Yaprak Dökümü…
Reşat Nuri Güntekin’in, ilk baskısı 1930’da yapılan ünlü romanı…
Aynı adla ekranlara gelen televizyon dizisi ise 2005 ile 2010 yılları arasında Kanal D’de yayınlanmıştı.
Bizim okul arkadaşlarımız arasında “yaprak dökümü” ise 2015’le başladı denilebilir.
Çorum Lisesi 6 Fen-B sınıfından üç arkadaşımızı birden, bu yıl içinde peşpeşe kaybettik: 26 Temmuz’da Nazır Sercan, 22 Ekim’de Naci Bilan, 17 Aralık’ta, yani önceki gün de Osman Nuri Yavuzer…
Onun için, başlıktaki bu çok bilinen bedduayı 2015’le ilgili olarak kullanmadan edemedik.
Gerçekten “bu anlamda” kara bir yıl oldu 2015…
Naci’yi kaybettiğimiz günlerde Osman’ın hastaneye yattığını öğrenmiştik ve durumunun ağır olduğunu biliyorduk…Elden gelen bir şey yoktu ki…
Oğlu Mehmet Nuri, “Naci amcanın öldüğünü duyunca, iyice kendisini bıraktı” diyordu telefonda.
Oysa, Nazır’ın ölümünden sonra 28 Temmuz 2015 günlü gazetede duygularımızı aktarmaya çalışırken, “Bırakma hayatı!” demiştik başlıkta.
Bırakmamalıydık hayatı…
Bırakmamalıyız.
Mehmet Nuri, bir de, 2010 yılında Çorum’daki buluşmamızdan bahsetti, “İyi ki düzenlemişsiniz o buluşmayı Mehmet amca” dedi.
Biz de hep, 29-30 Ekim 2010 tarihlerindeki Çorum toplantımızdan fotoğraflar yayınlıyoruz zaten, kaybettiğimiz arkadaşlarımızın ardından.
O yılın ilkbaharında, Prof.Dr.
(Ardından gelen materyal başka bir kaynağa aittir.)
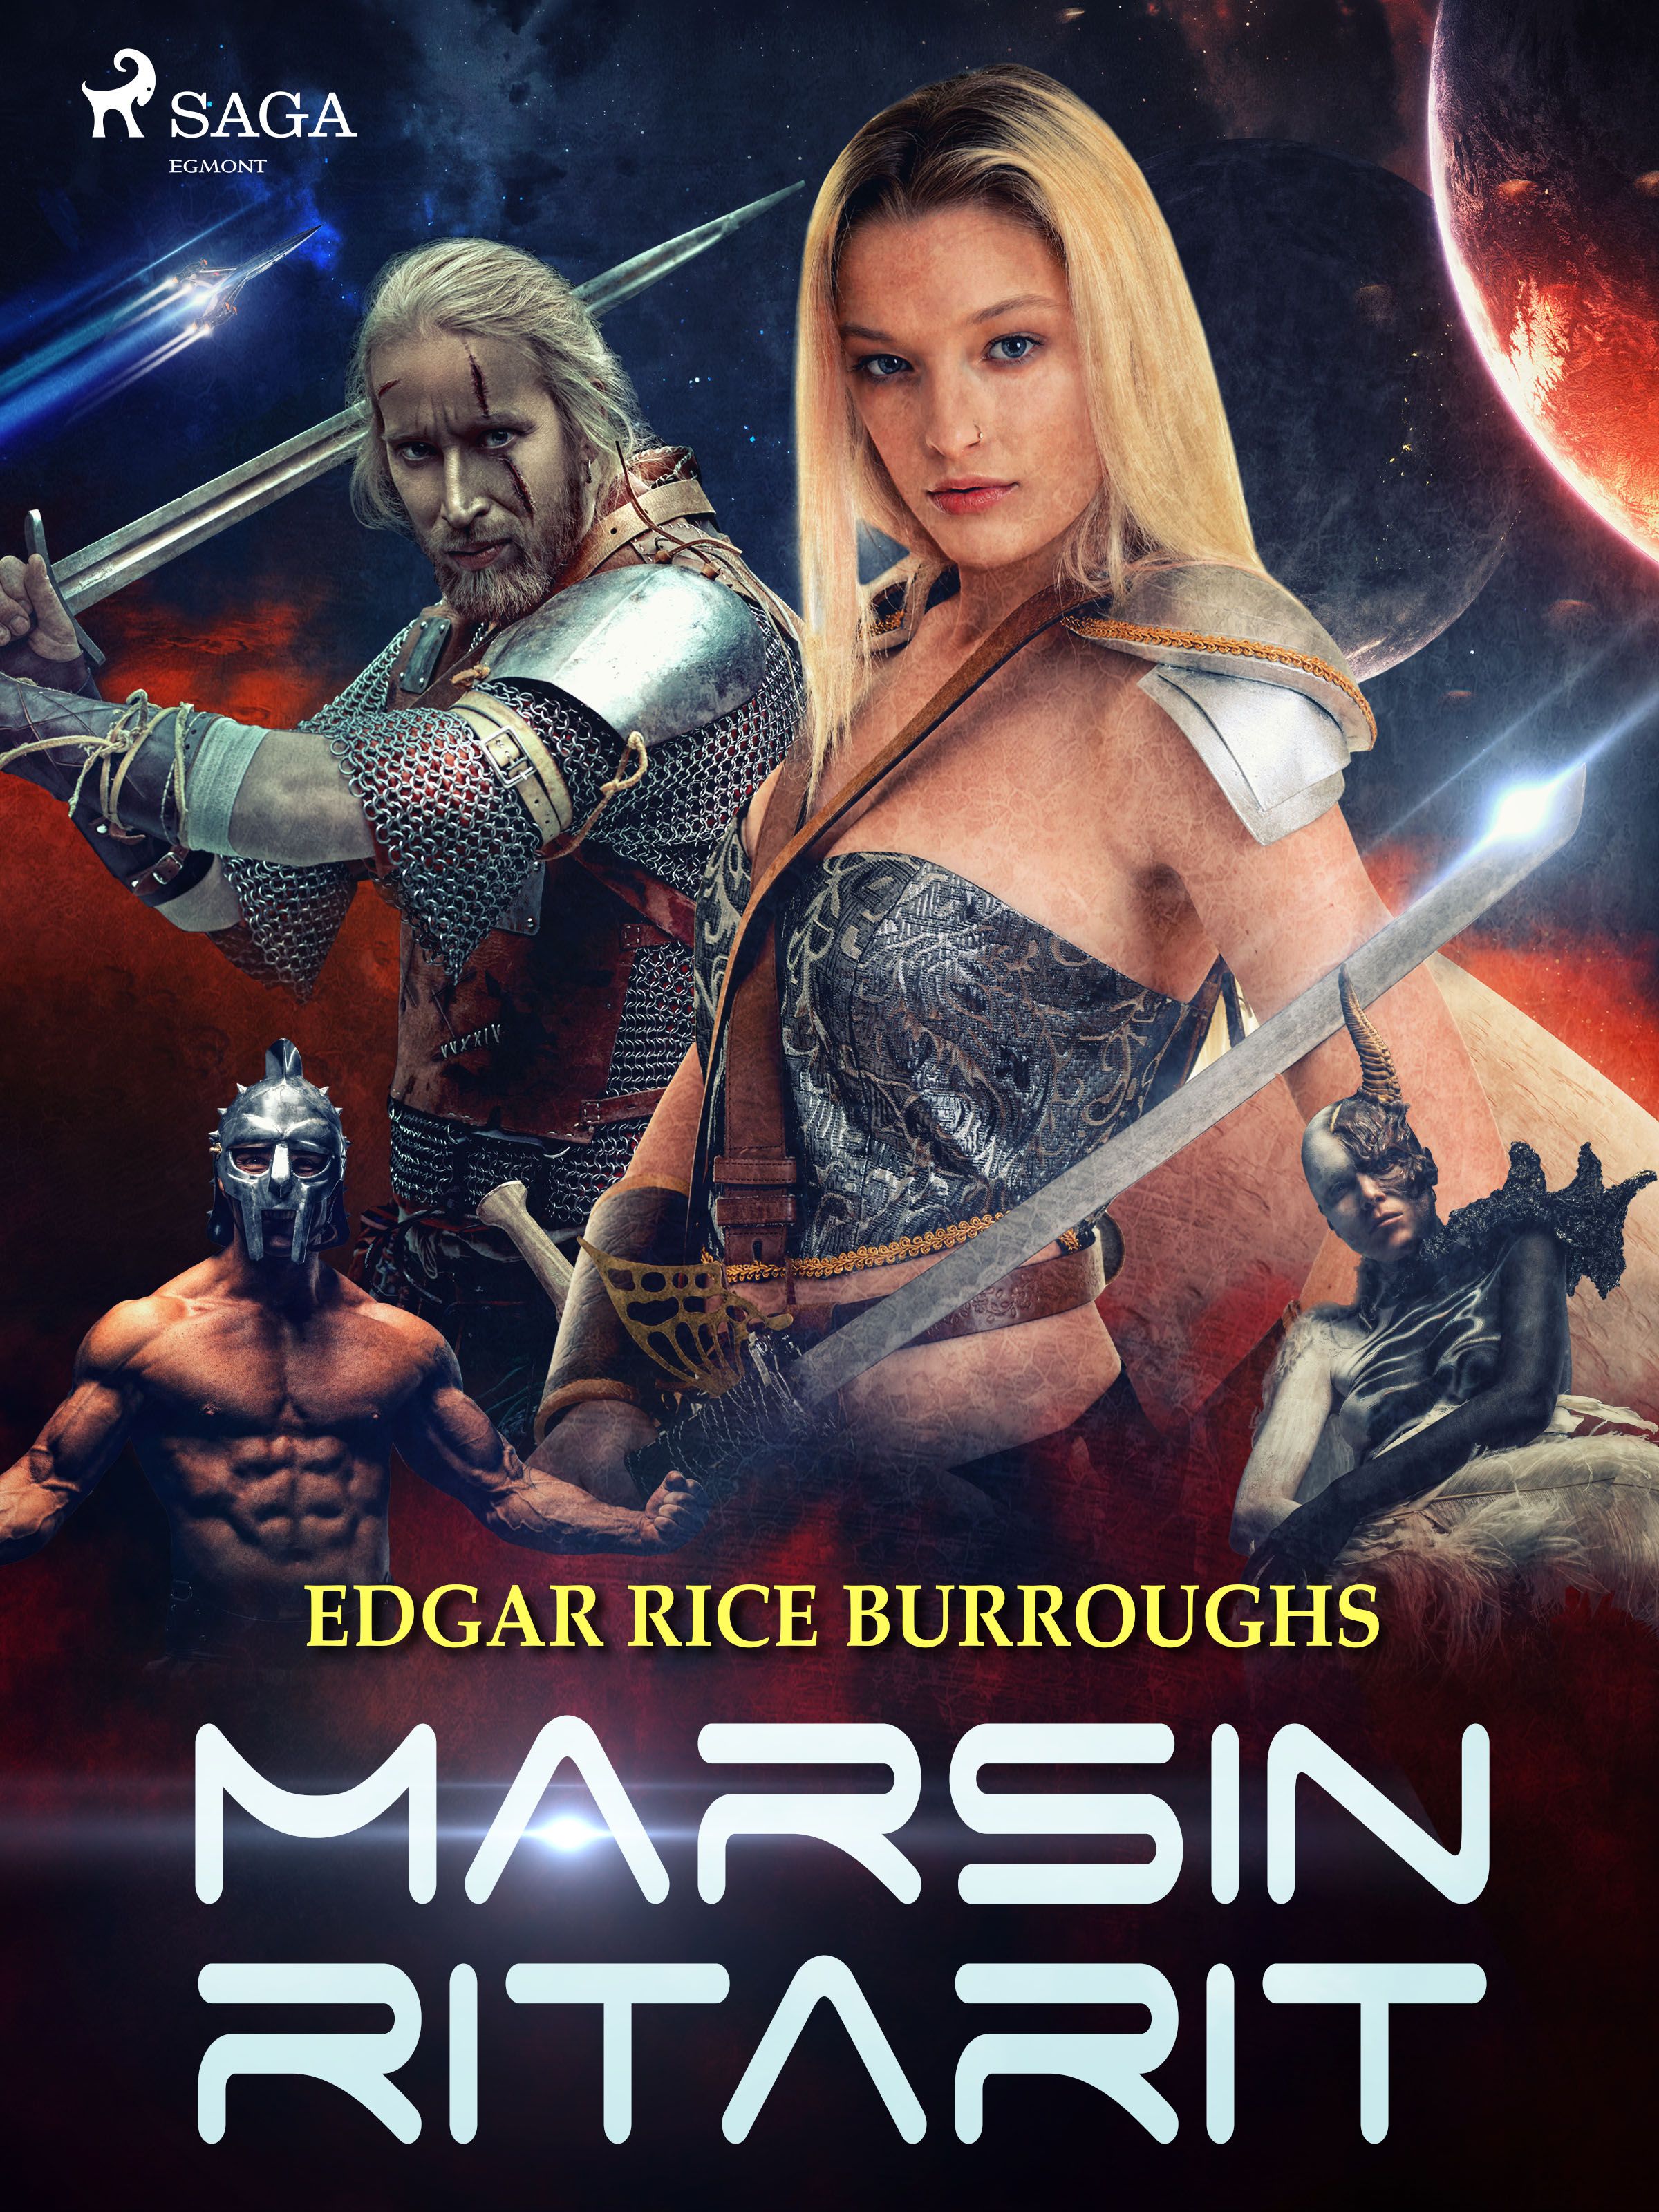 Marsin ritarit, e-bog af Edgar Rice Burroughs

Baki Erdoğan Ankara’da toplamıştı bizi. Enver ve Cihat’la birlikte biz de Çorum buluşmasını organize etmiştik.
Mehmet Nuri’nin dediği gibi, iyi ki de yapmışız bu işi.
Elimizde o fotoğraflar var şimdi.
Bir daha güncellenmesi mümkün olmayan fotoğraflar…
26 Ekim 2015 tarihli yazımızda, “Seni çok özleyeceğiz Naci” demiştik.
Hayat dolu, aksiyon adamı Osman !
Seni de çok özleyeceğiz.
Ve hiç unutmayacağız.
Mekânın cennet olsun.
Işıklar içinde yat.
*
Sezen Aksu’nun “Firuze” şarkısı, ilk duyduğum günden beri, yani 30 yılı aşkın süredir, her dinleyişimde içime işler.
Ne diyor Sezen?
*
Bir gün dönüp bakınca düşler
İçmiş olursa yudum yudum yıllarını
Ağla, ağla Firuze ağla.. Anlat
Bir zaman ne dayanılmaz güzellikte olduğunu

Kıskanır rengini baharda yeşiller
Sevda büyüsü gibisin sen Firuze
Sen nazlı bir çiçek, bir orman kuytusu
Hüzün buğusu gibisin sen Firuze

Duru bir su gibi, bazen volkan gibi
Bazen bir deli rüzgâr gibi
Gözlerinde telaş, yıllar sence yavaş
Acelen ne, bekle Firuze

Bir gün dönüp bakınca düşler
İçmiş olursa yudum yudum yıllarını
Ağla, ağla Firuze ağla.. Anlat
Bir zaman ne dayanılmaz güzellikte olduğunu

Acılı bir bakış yerleşirse eğer
Kirpiğinin ucundan göz bebeğine
Her şeyin bedeli var, güzelliğinin de
Bir gün gelir ödenir, öde Firuze

Duru bir su gibi, bazen volkan gibi
Bazen bir deli rüzgâr gibi
Gözlerinde telaş, yıllar sence yavaş
Acelen ne bekle Firuze
*
Yıllar zaten yeteri kadar hızlı…
Aceleniz neydi arkadaşlar?



30 Ekim 2010 tarihinde çekilen bu fotoğrafta, ayaktaki merhum Nazır Sercan, oturanlar (soldan sağa) Mehmet Battal, merhum Osman Nuri Yavuzer ve merhum Naci Bilan görülüyor. 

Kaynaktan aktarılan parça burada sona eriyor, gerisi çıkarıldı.